On aura ensuite la possibilité de reprendre ces résultats et d’essayer de les travailler sur une plus grande échelle pour peut-être trouver des variations plus fines qu’une seule enquête ne permettait pas d’identifier.

En lisant le livre, on voit qu’il s’agissait d’un angle mort en sociologie et dans d’autres disciplines, vous avez déjà eu des retours ? Si cette question n’est pas prématurée.

Il a été publié depuis moins d’un mois ! (au moment de l’entretien en mars, NDLR) J’ai des retours de femmes très grandes comme vous. À une exception près, tout est positif et j’ai plusieurs dizaines de retours. C’est une bonne surprise, les lectrices me disent qu’elles s’y retrouvent, que ça leur permet de formaliser des choses vécues et ça montre, comme le suggère mon titre, les ambivalences de la très grande taille. On peut trouver son chemin malgré cette taille et renverser le stigmate voire en faire une force. Il y a quelques articles dans la presse, dont celui qui a suscité votre lecture. Une personne n’a pas aimé cet article et mon livre car elle considère qu’il victimise les femmes très grandes et elle ne s’y retrouve pas. C’est son vécu. La critique est d’ailleurs davantage portée sur un article paru dans la presse que sur mon ouvrage.

L’article de Libération dont on a parlé a une focale sur le poids de la très grande taille dans les relations amoureuses…

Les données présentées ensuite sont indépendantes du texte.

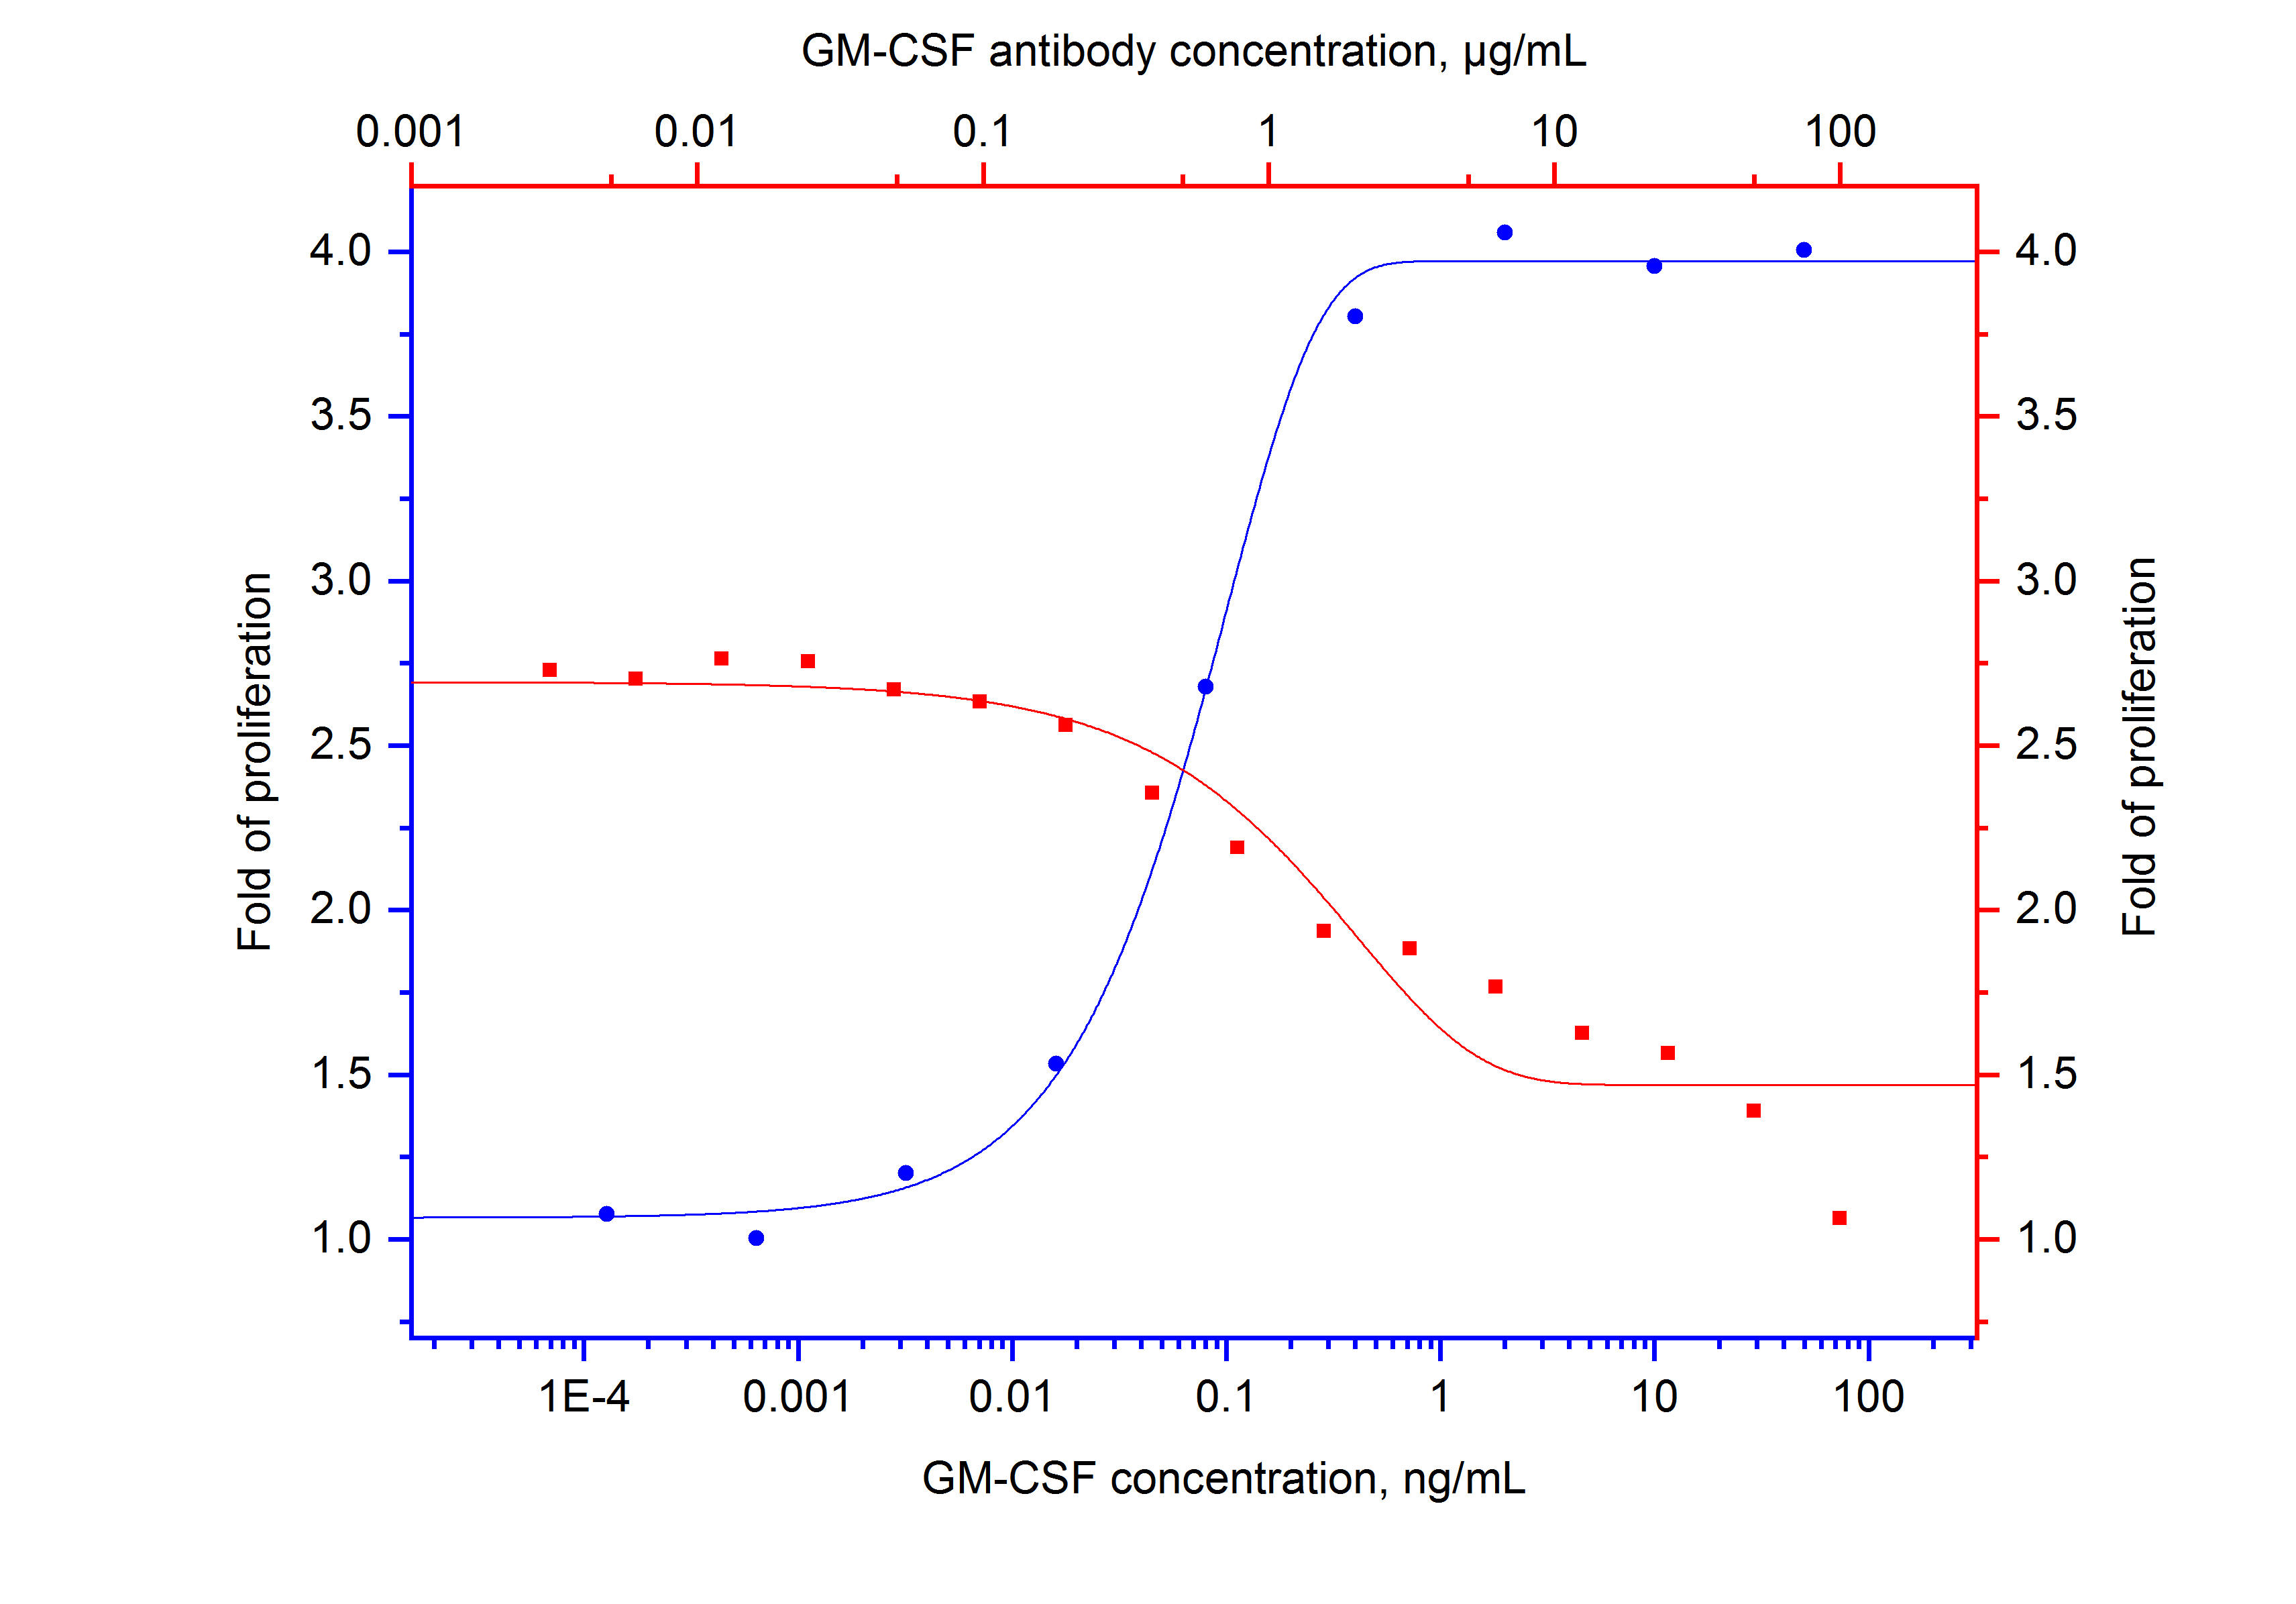 Recombinant human GM-CSF (Cat.NO. HZ-1002) stimulates proliferation of TF-1 cell line (human erythroleukemic cell line) in a dose-dependent manner (blue curve, refer to bottom X-left Y).  The activity of human GM-CSF (0.2 ng/mL HZ-1002) is neutralized by mouse anti-human GM-CSF monoclonal antibody 69003-1-Ig at serial dose (red curve, refer to top X-right Y). The ND50 is typically 1.5-4 μg/mL.

C’est le sujet choisi par la journaliste, c’est sa focale ! L’angle pris rend honneur à un chapitre précis du livre. Les réactions sont pour le moment très positives, j’ai même reçu des courriels personnels de personnes qui m’ont dit qu’elles avaient pu ainsi retracer leur trajectoire. Mon travail c’est de « dé-psychologiser » leurs vécus. La société psychologise tout, nous psychologisons tout car c’est notre société. Toutes les situations sociales sont psychologisées : « il est gentil, il est méchant, c’est affectif, c’est son tempérament, c’est son moi… ». 

La société est psychologiste. J’ai écrit sur ce phénomène il y a 20 ans pour rendre compte d’un monde professionnel. Ce concept a été utilisé par le sociologue François Dubet pour rendre compte du monde de l’école, par Robert Castel pour rendre compte du monde de la psychiatrie, par Alain Ehrenberg du monde des drogues et de la dépression. C’est un concept qui même en sociologie n’est pas si utilisé, car même les sociologues ont du mal avec l’idée que nous sommes les premiers à psychologiser toutes nos situations sociales. Nous faisons partie des raisons qui font que tout phénomène est psychologisé. Sortir de la psychologisation sociale est extrêmement compliqué car on l’expérimente en permanence. Et quand on fait autrement, on déclenche des réactions d’incompréhension ou d’hostilité. C’est au fil de la relation qu’on sort de ces situations. Par exemple, les gens oublient la gêne de parler avec quelqu’un de très grand au bout de quelques interactions, le stigmate est oublié.